Set $$t=m^{2}\ge 0.$$ Then $$g(t)=\frac{1+t}{25+36t}.$$ Differentiate:

$$\frac{dg}{dt}= \frac{(25+36t)\cdot1 - (1+t)\cdot36}{(25+36t)^{2}} = \frac{25+36t-36-36t}{(25+36t)^{2}} = \frac{-11}{(25+36t)^{2}} \lt 0$$

Since $$dg/dt$$ is negative for all $$t\ge 0$$, $$g(t)$$ decreases as $$t$$ increases.
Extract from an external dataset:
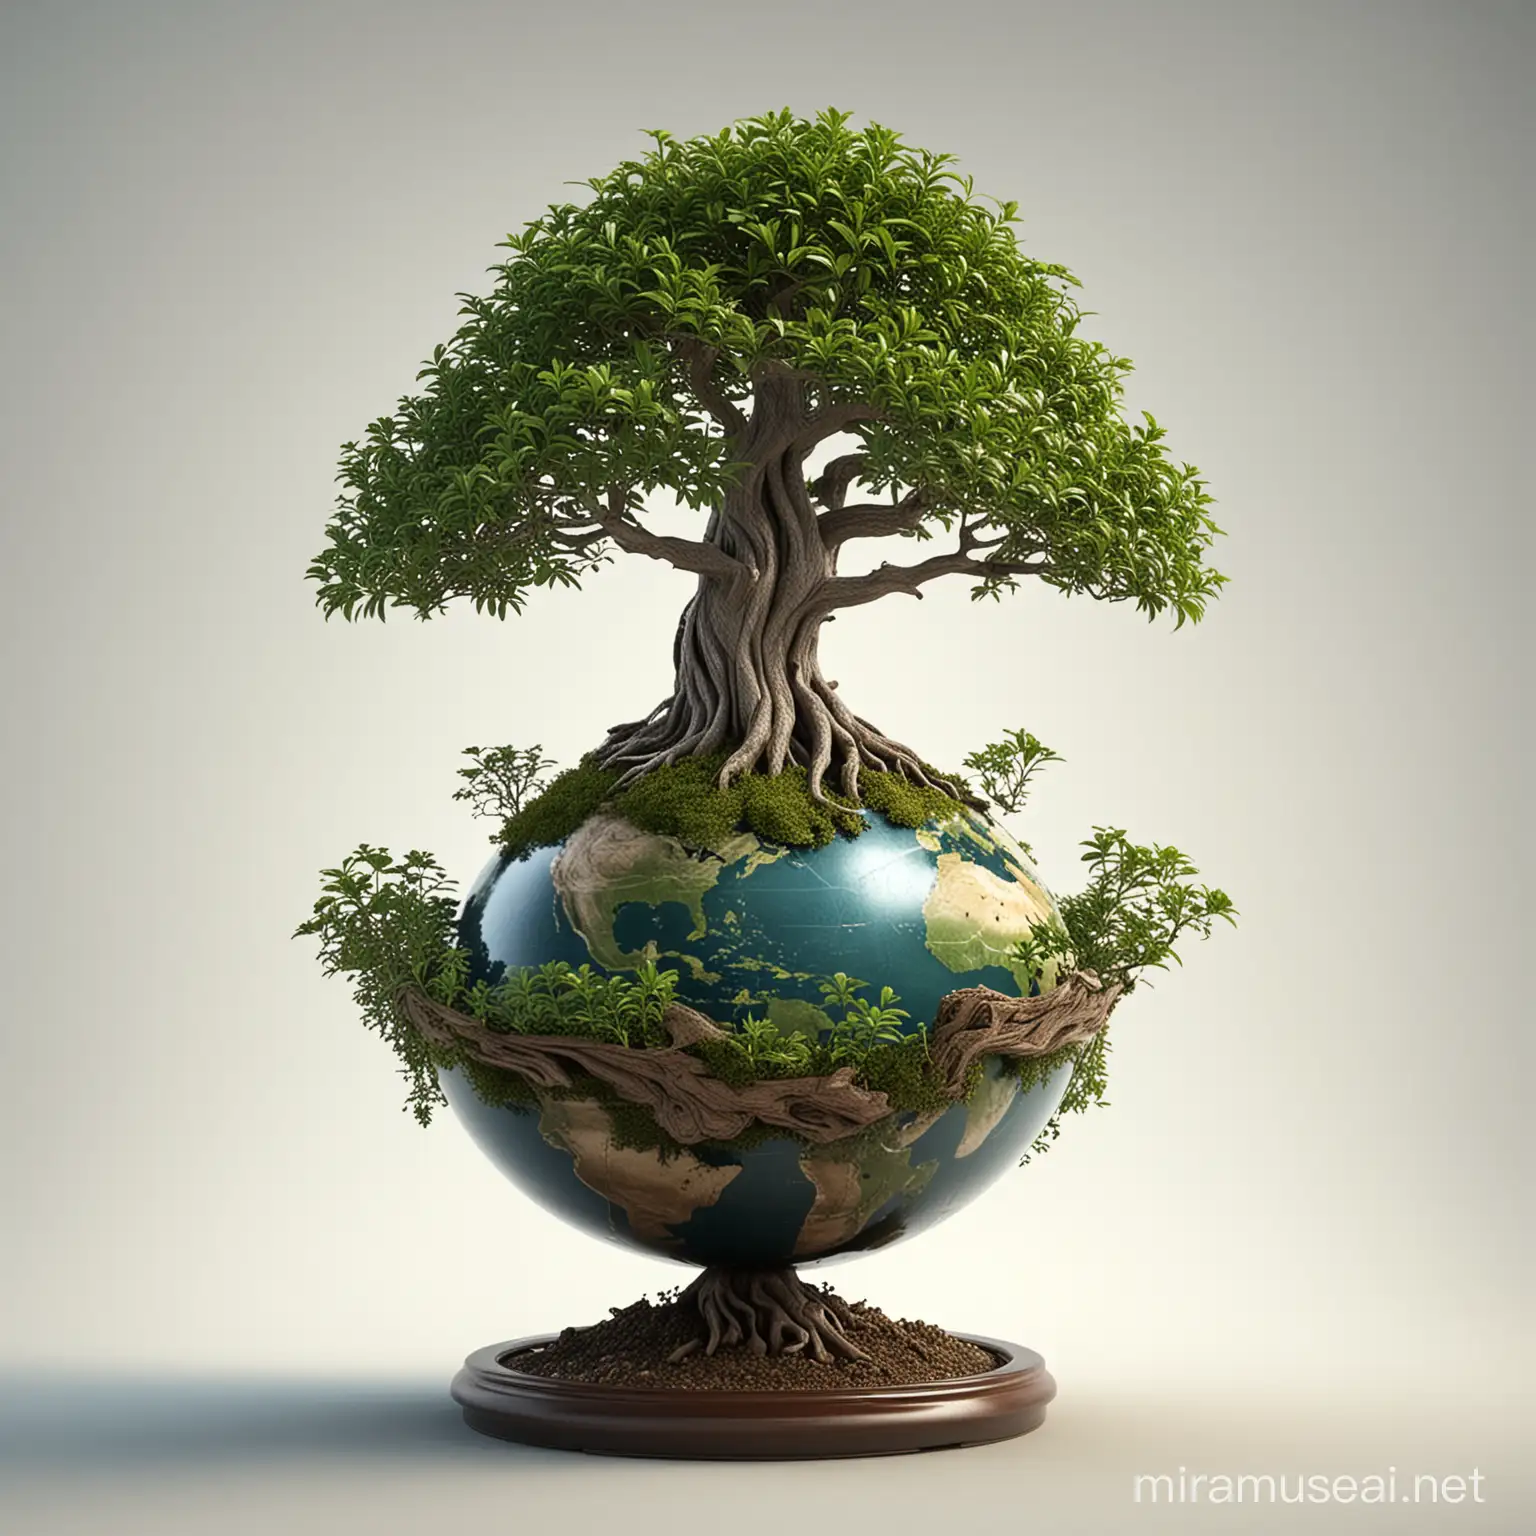 Earth Bonsai Tree Held by Human Hands Environmental Care and Nature Nurturing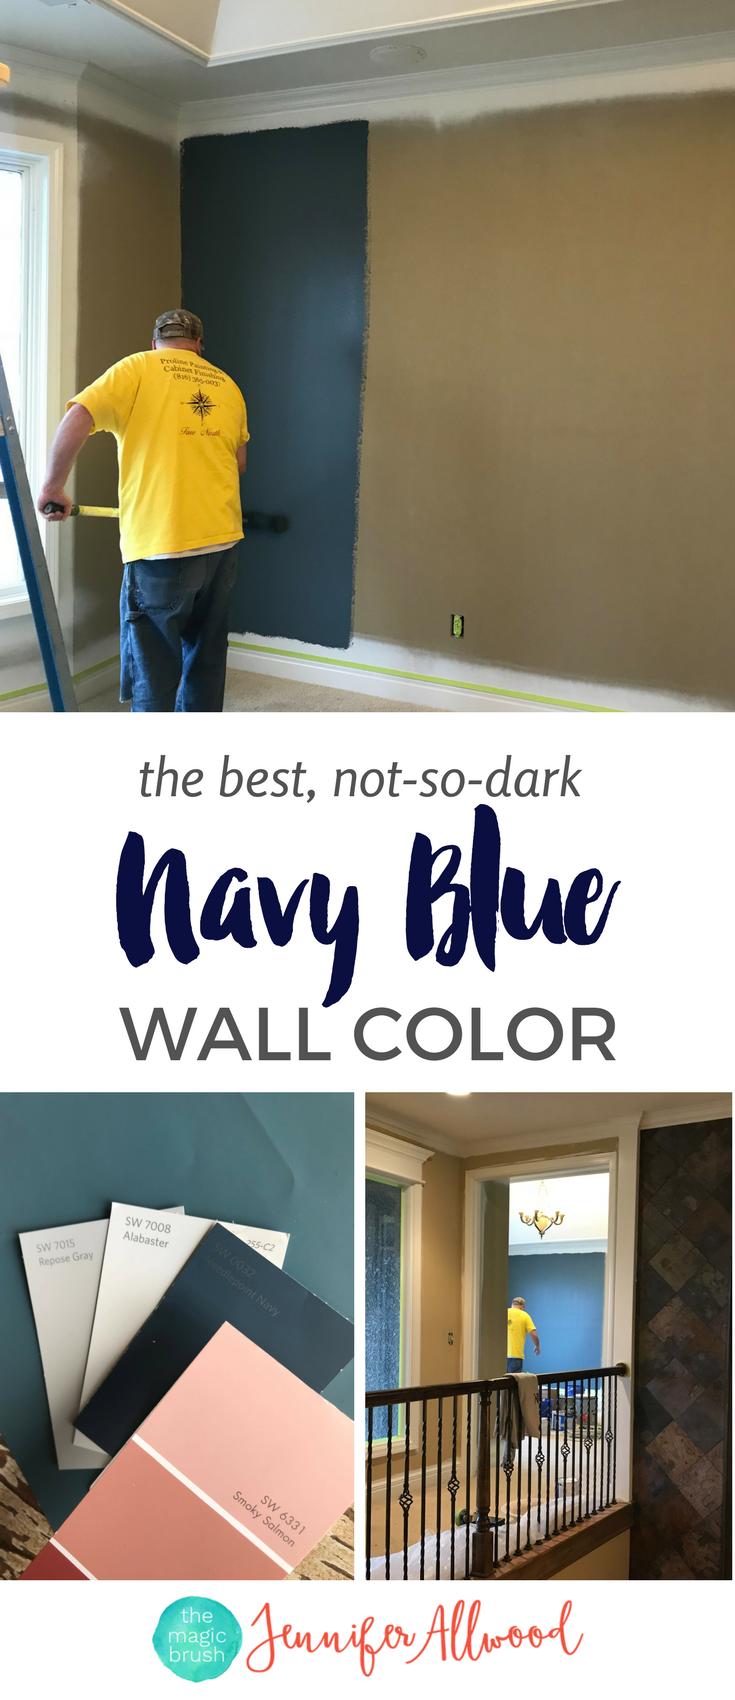 Navy Blue Wall Color _ Jennifer Allwood themagicbrushinc.com | Paint Color Ideas | Needlepoint Navy | Master Bedroom Wall Color Ideas

Therefore $$g(t)$$ (and hence $$PA\cdot PB$$) is maximum at $$t = 0$$, i.e. at $$m = 0$$.

Thus the required line is horizontal: $$y = \sqrt{5}.$$
Its intersections with the ellipse are obtained by substituting $$y=\sqrt{5}:$$

$$\frac{x^{2}}{36} + \frac{5}{25}=1 \;\Longrightarrow\; \frac{x^{2}}{36}=1-\frac{1}{5}=\frac{4}{5} \;\Longrightarrow\; x^{2}=\frac{144}{5}$$

Hence the points are $$A\bigl(\;+\frac{12}{\sqrt{5}},\,\sqrt{5}\bigr)$$ and $$B\bigl(\;-\frac{12}{\sqrt{5}},\,\sqrt{5}\bigr).$$

Compute the distances from $$P(\sqrt{5},\sqrt{5})$$:
$$PA = \left|\frac{12}{\sqrt{5}}-\sqrt{5}\right| = \left|\frac{12-5}{\sqrt{5}}\right| = \frac{7}{\sqrt{5}},$$
$$PB = \left|-\frac{12}{\sqrt{5}}-\sqrt{5}\right| = \left|\frac{-12-5}{\sqrt{5}}\right| = \frac{17}{\sqrt{5}}.$$

Now evaluate $$5(PA^{2}+PB^{2}):$$
$$PA^{2} = \frac{49}{5},\qquad PB^{2} = \frac{289}{5}$$
$$PA^{2}+PB^{2} = \frac{49+289}{5} = \frac{338}{5}$$
$$\therefore\; 5(PA^{2}+PB^{2}) = 5\cdot\frac{338}{5} = 338$$

Hence $$5(PA^{2}+PB^{2}) = 338,$$ which matches Option D.